Jurnalis Metro TV, Yohana Margaretha, melaporkan perjuangan para petugas yang harus berkejaran dengan waktu guna mencegah kobaran api meluas serta mengancam kawasan pemukiman warga di Sampit.
Proses pemadaman di lahan gambut membutuhkan penanganan ekstra. Meskipun api di permukaan tampak sudah padam, panas dan
bara api sering kali masih tertimbun di bawah permukaan tanah. Oleh karena itu, tim pemadam wajib melakukan proses pendinginan dan pemantauan secara berulang.
Dalam laporan langsung dari lapangan, Pratu Muhtar, seorang anggota TNI yang bertugas sebagai petugas pemadam, menjelaskan kendala teknis yang dihadapi di lapangan. Karakteristik tanah gambut yang kering dan menyimpan bara membuat kebutuhan air sangat tinggi.

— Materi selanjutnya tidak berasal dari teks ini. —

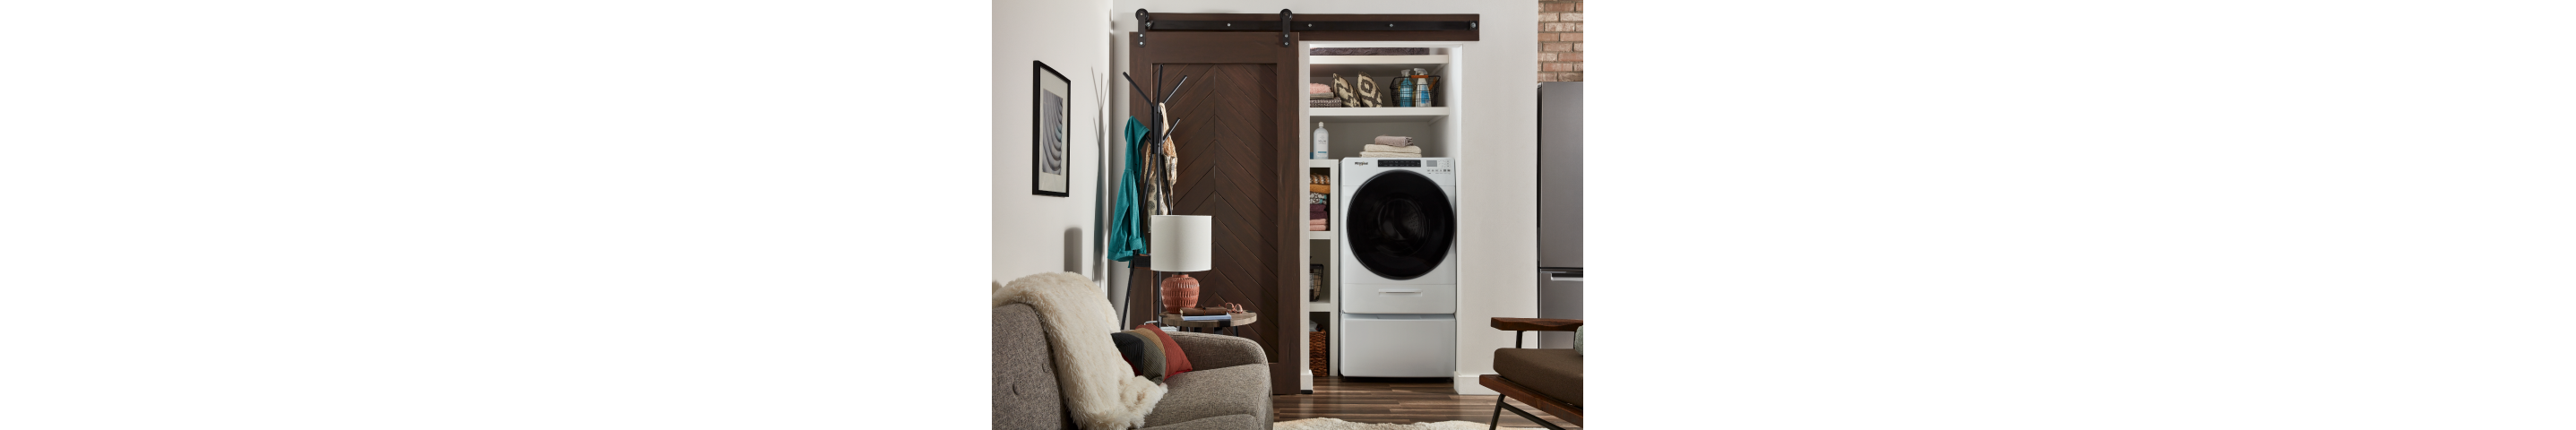 白色惠而浦®All-In-One洗衣机和烘干机内的衣柜与滑动谷仓门

"Soalnya tanah di sini kan gambut, susah. Airnya minimal satu tangki itu 4.000 liter itu sekitar 5 meter, 6 meter baru bisa dipadamkan," ungkap Pratu Muhtar dikutip dari
Metro Siang, Metro TV, Selasa 8 September 2026.
Pratu Muhtar bersama rekan-rekan satuan tugas bahkan telah dikerahkan bergiliran di Sampit sejak awal Juni demi mengendalikan si jago merah.
Dampak Kabut Asap bagi Kesehatan Warga
Selain menyulitkan petugas di garis depan, pekatnya
kabut asap karhutla turut memberikan dampak buruk bagi kesehatan masyarakat sekitar. Salah seorang warga setempat, Jumratul Aini, mengaku keluarganya ikut merasakan dampak langsung dari paparan asap kebakaran tersebut.
"Terdampaknya ini untuk kesehatan ya, untuk asapnya. Oh sakit, untuk anak sakit, istri juga ada juga sakit kemarin berobat ke Puskesmas," ujar Jumratul.
Para petugas di lapangan pun kerap mengalami pusing akibat terlalu lama terpapar asap pekat saat memadamkan api.
Perjuangan berat yang dilakoni oleh aparat gabungan dan relawan bukan sekadar memadamkan api di atas sebidang tanah, melainkan menahan bencana agar tidak merusak kehidupan warga secara lebih luas. Upaya mitigasi dan kesadaran bersama dalam menjaga kelestarian alam mutlak diperlukan agar ancaman karhutla tidak terus berulang demi melindungi generasi masa kini dan masa depan.